**EXTRACTED MATERIAL**

======

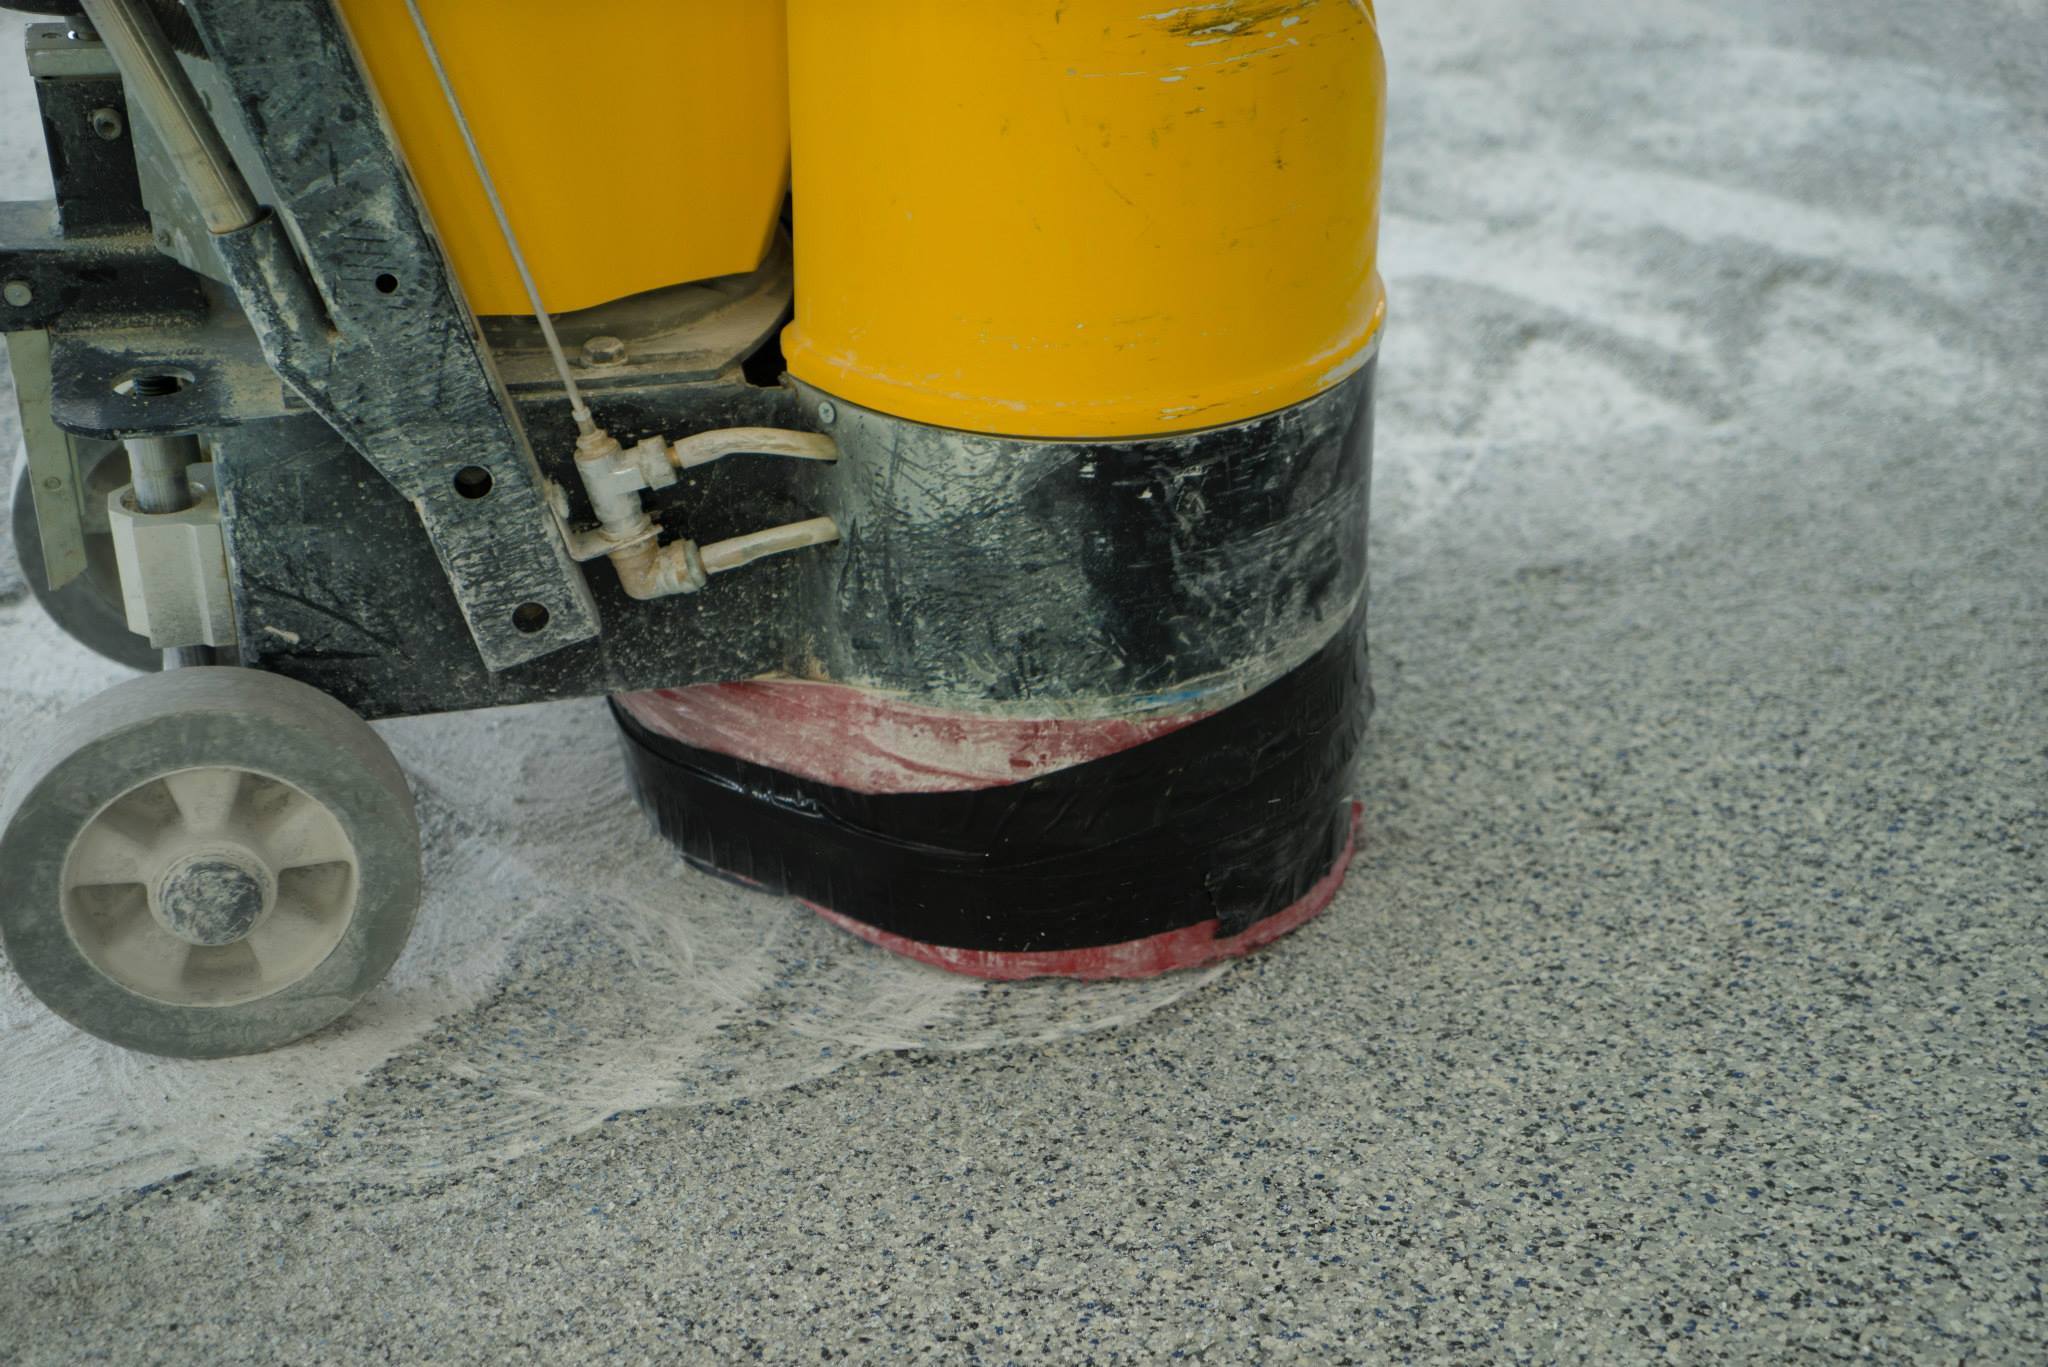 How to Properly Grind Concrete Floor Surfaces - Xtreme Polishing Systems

======

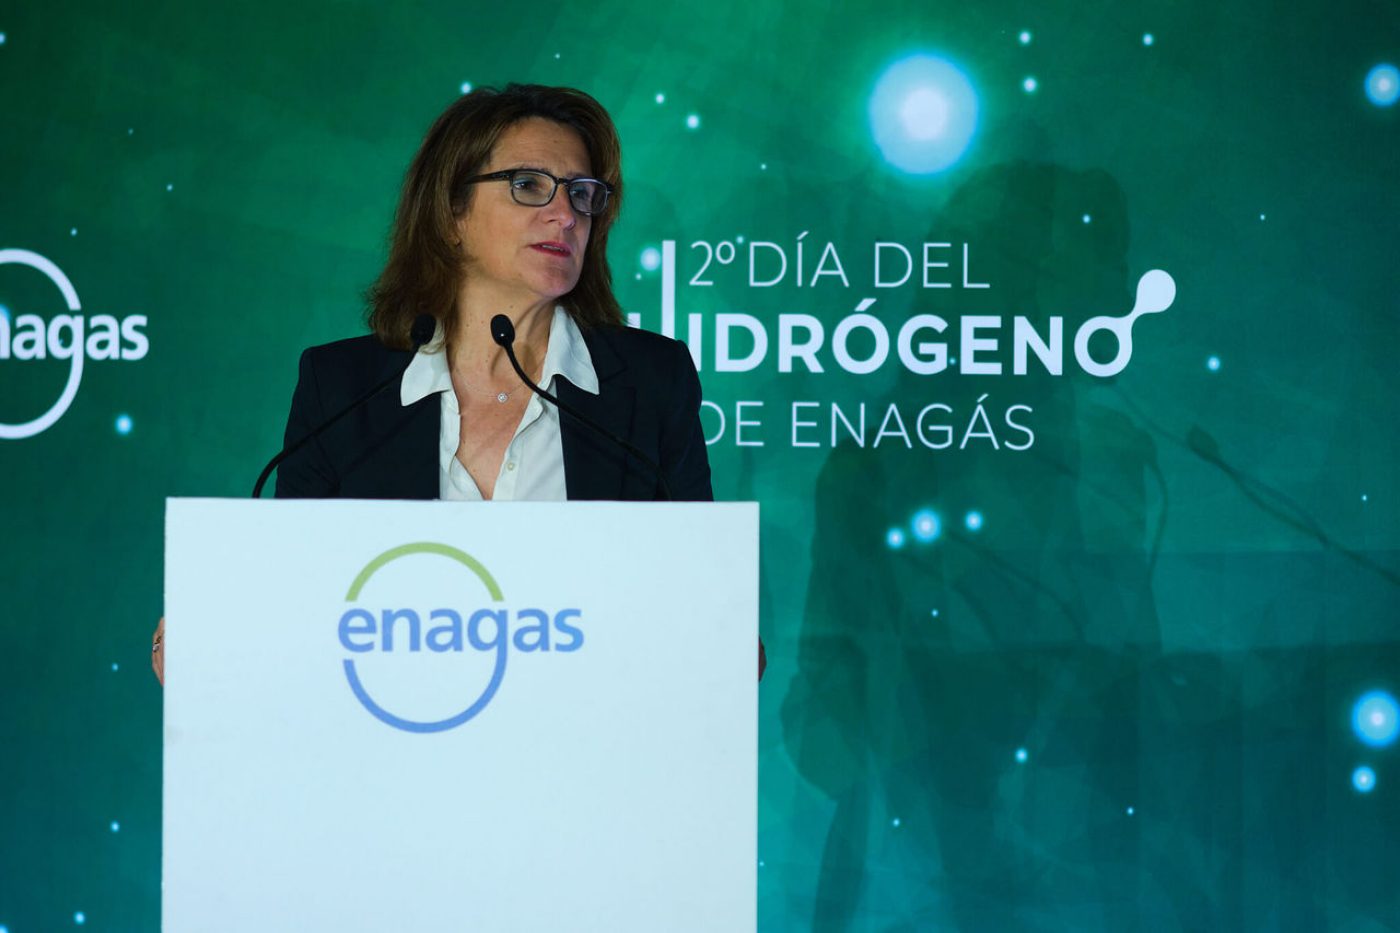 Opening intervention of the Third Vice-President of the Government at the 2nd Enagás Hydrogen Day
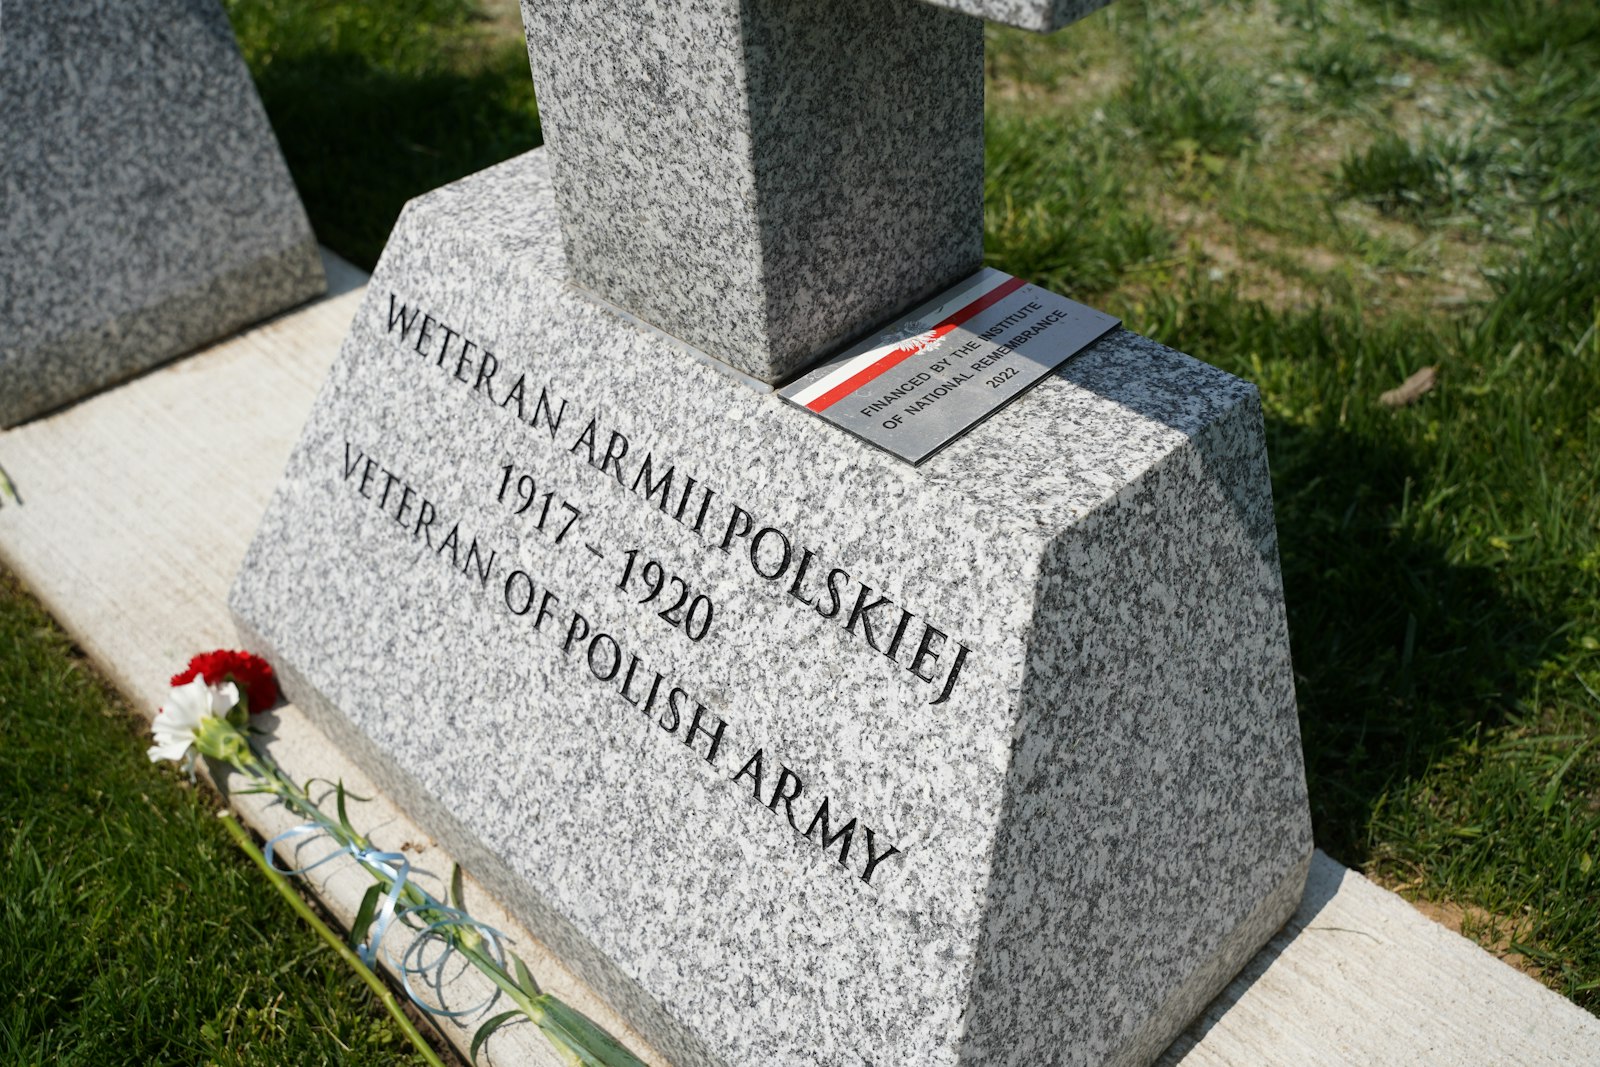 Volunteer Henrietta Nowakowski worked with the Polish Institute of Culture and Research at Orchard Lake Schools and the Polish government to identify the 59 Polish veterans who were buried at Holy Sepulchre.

======

**PROBLEM REQUIREMENTS**
Everything from the line above that contains "Opening intervention of" down to the line that contains "Volunteer Henrietta Nowakowski" must be reproduced exactly, both ends included. Omit the pictures.

**RESPONSE AREA**
 Opening intervention of the Third Vice-President of the Government at the 2nd Enagás Hydrogen Day
 Volunteer Henrietta Nowakowski worked with the Polish Institute of Culture and Research at Orchard Lake Schools and the Polish government to identify the 59 Polish veterans who were buried at Holy Sepulchre.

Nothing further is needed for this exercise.